Im 17. Jahrhundert sah nicht nur die Sache mit der Unschärfe noch anders
aus: drei Tage nach Ostern 1665 wurden sechs Fischer beim Heringsfang nah
Stralsund einer Luftschlacht gewahr, die sich im Himmel abspielte. Aus
Vogelschwärmen hervorgehende Schlachtschiffe mit Besatzung, die sich über
Stunden bekriegten, erschienen ihnen; am Abend hatte dann noch „eine platte
runde Form wie ein Teller“ ihren Auftritt über St. Nikolai, einer der
Hauptkirchen der Stadt. Bereits zwei Tage später verbreitete sich die Kunde
über das Ereignis in einer – wo sonst – Flugschrift, multiplizierte sich in
Zeitungen und Büchern, schließlich erschien ein erstes Bild: ein
Kupferstich mit den Fischern, den Schiffen und dem Teller, alles
anschaulich dargestellt und vor allem gestochen scharf – absolut glaubhaft.
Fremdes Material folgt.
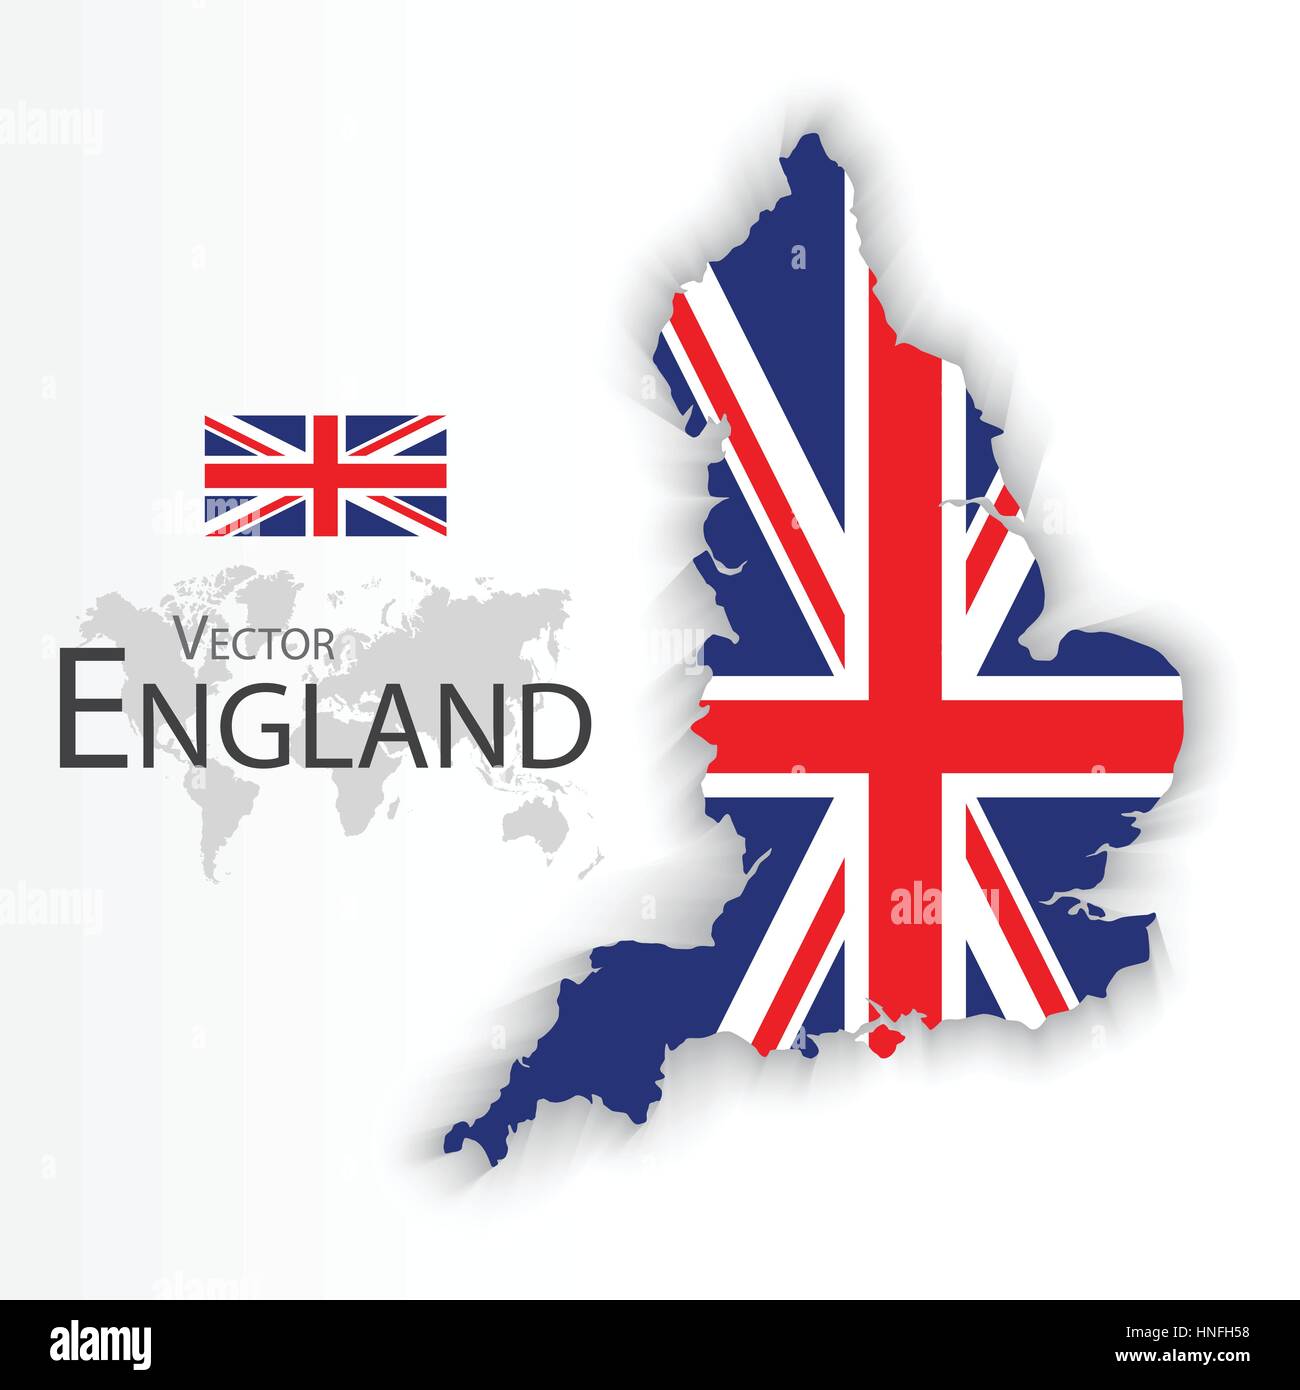 England flag and map ( United Kingdom of Great Britain ) ( combine flag and map ) ( Transportation and tourism concept ) Stock Vector

Ort des Drucks: das Buch „Der Wunder-reiche Uberzug unserer Nider-Welt/Oder
Erd-umgebende Lufft-Kreys“.
Das Problem war nur, dass jene erste Illustration dieser frühneuzeitlichen
UFO-Sichtung erst 15 Jahre nach der Vision erschien – und dass der Schöpfer
des Stichs, der damals in Nürnberg lebende „Buntschriftsteller“ Erasmus
Francisci, zeitlebens nicht in Stralsund gewesen war. Was aber den
entscheidenden Unterschied der Geschichte zu all den
Close-Encounters-Erlebnisberichten aus der ufa-Fabrik ausmacht: im 17.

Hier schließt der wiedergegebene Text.